### [What you are asked to do]
Reproduce the material below only from the line with "Mountain bike a" to the line with "Good Taste: Spicy new noodles", both included, keeping each line exact and dropping the pictures.
##### Study material
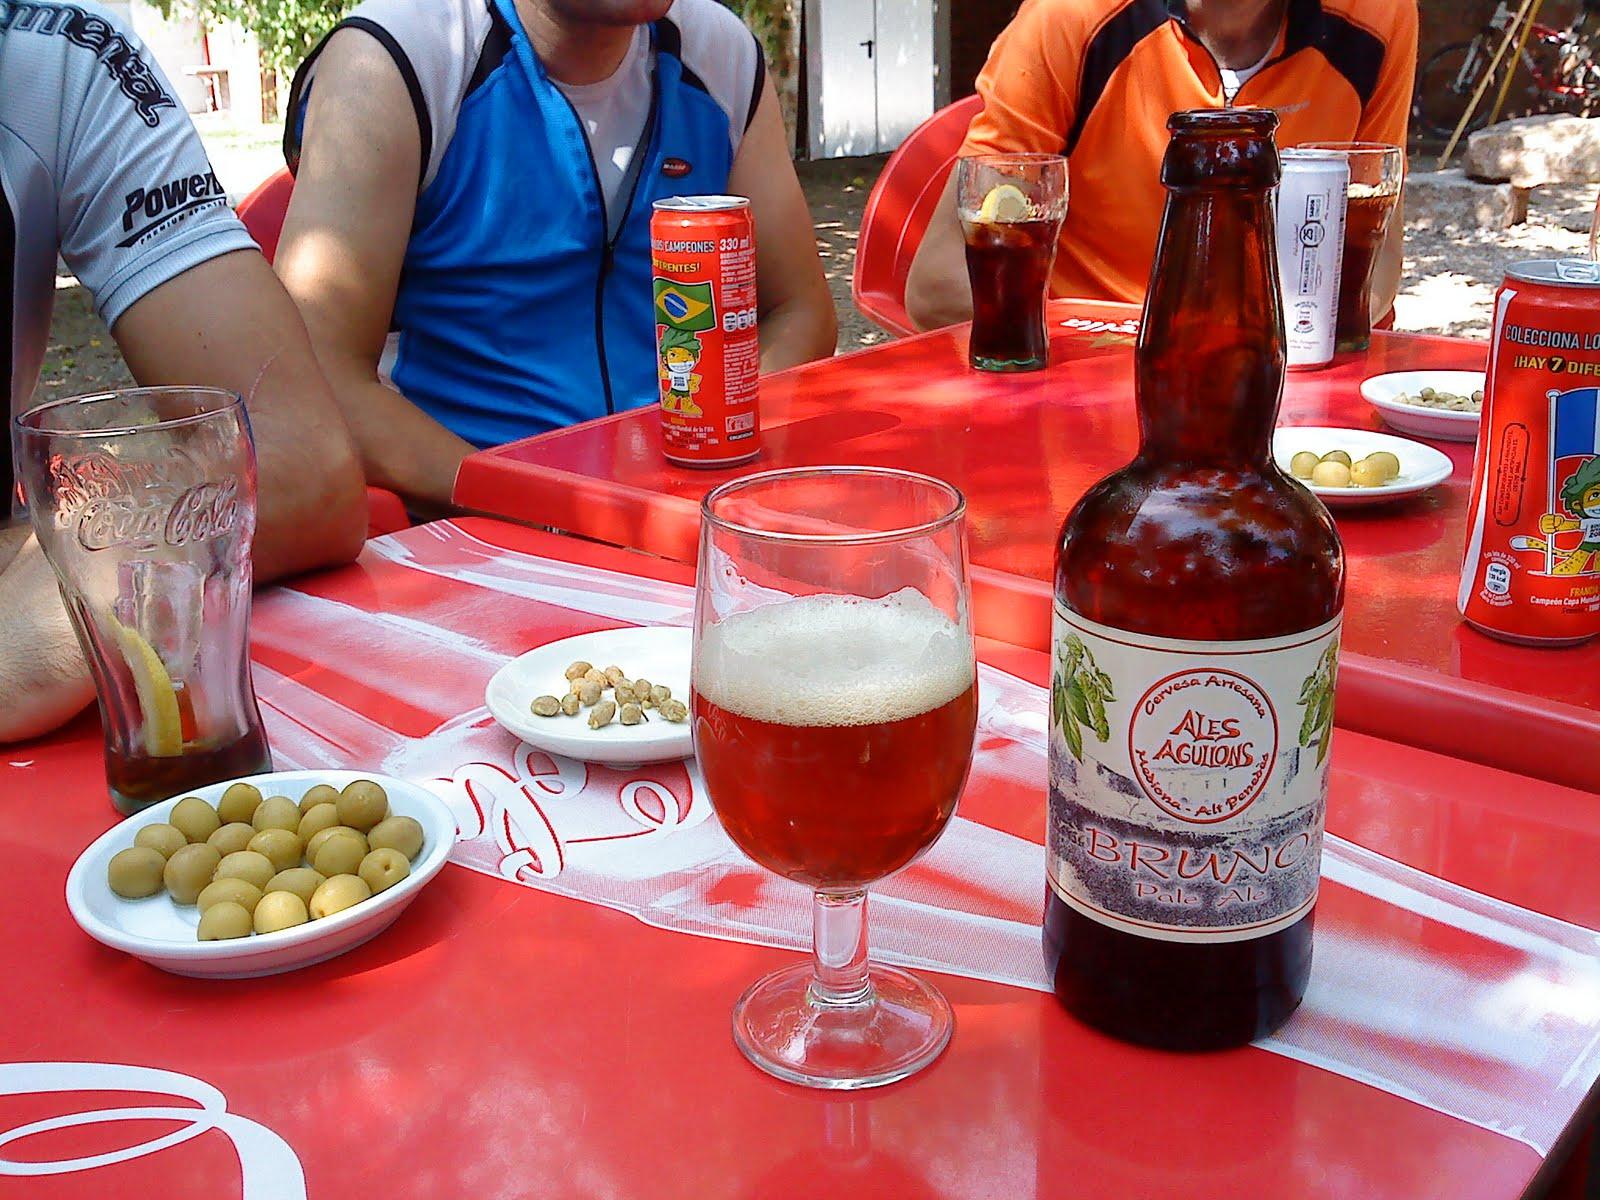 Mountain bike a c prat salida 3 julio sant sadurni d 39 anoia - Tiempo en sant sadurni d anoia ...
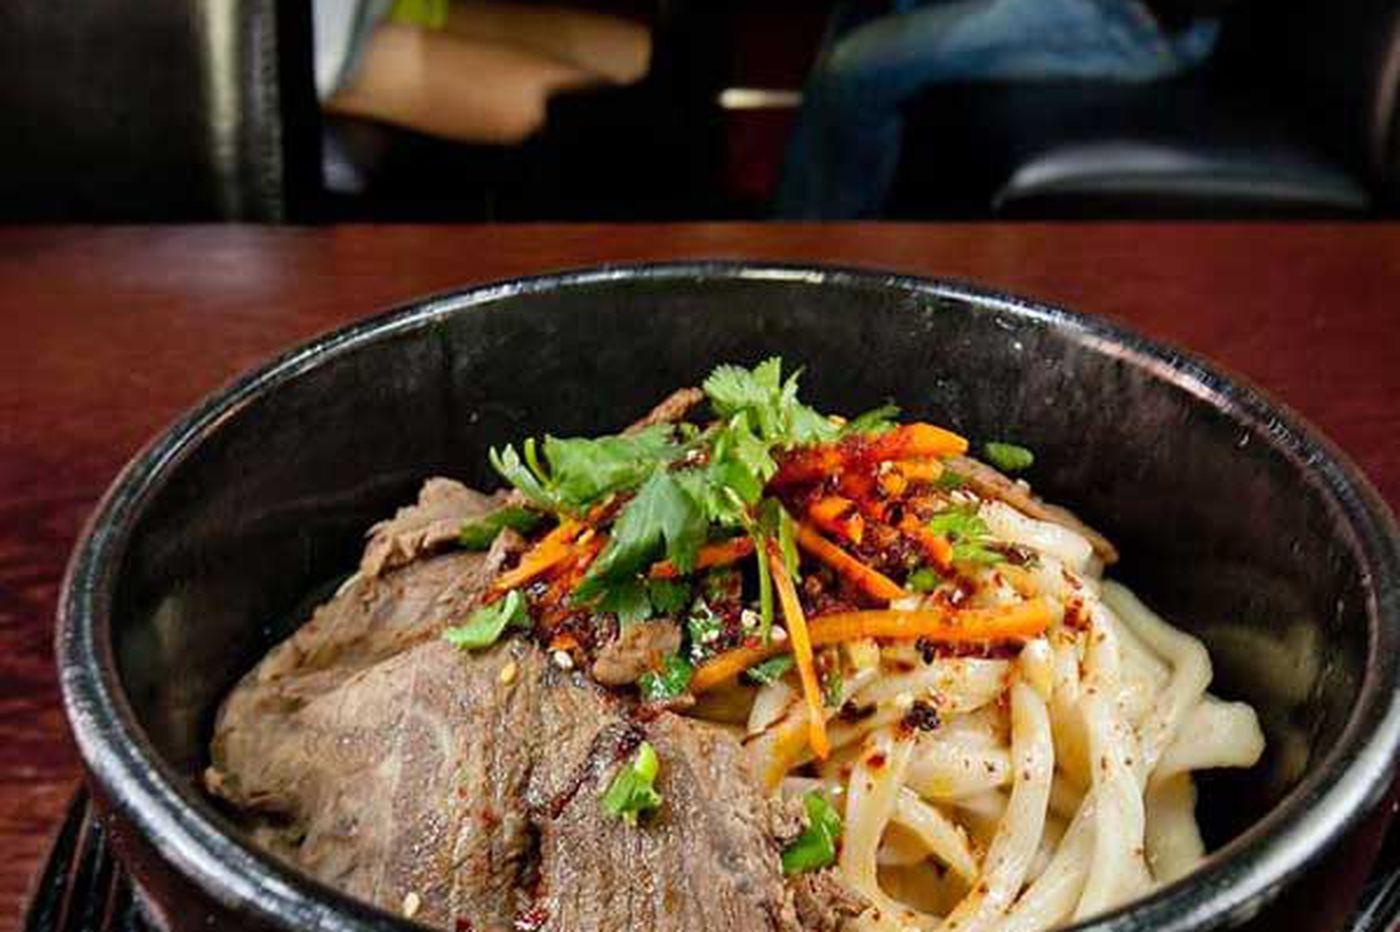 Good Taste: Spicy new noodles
##########
##### Study material
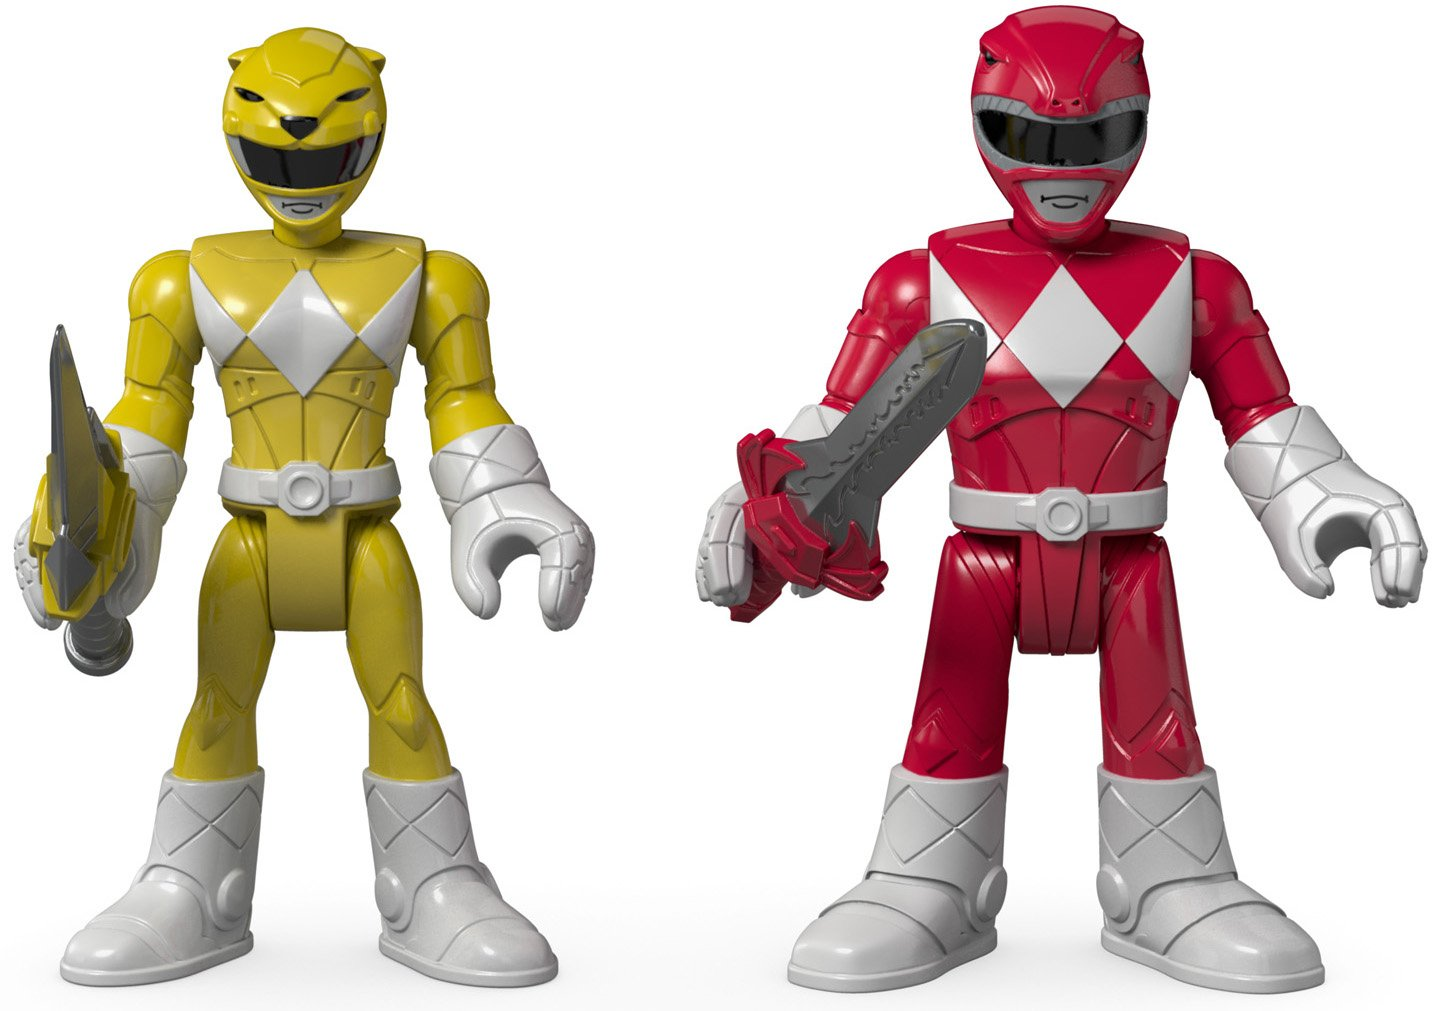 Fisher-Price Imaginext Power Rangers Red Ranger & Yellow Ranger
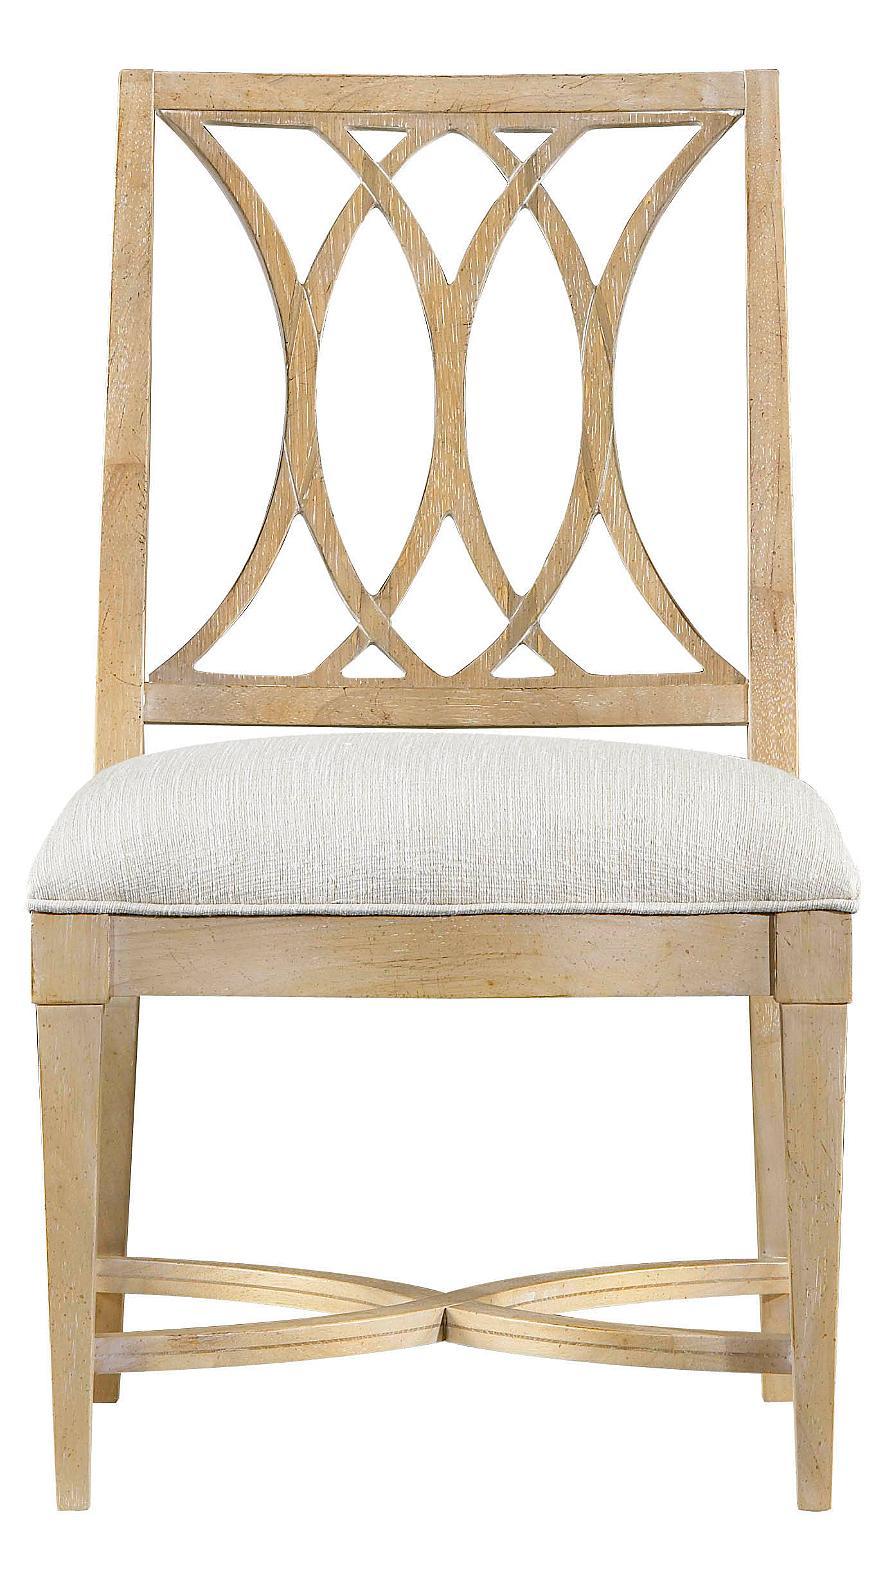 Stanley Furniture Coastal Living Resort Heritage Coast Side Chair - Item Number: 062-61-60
##########
### [Your solution]
 Mountain bike a c prat salida 3 julio sant sadurni d 39 anoia - Tiempo en sant sadurni d anoia ...
 Good Taste: Spicy new noodles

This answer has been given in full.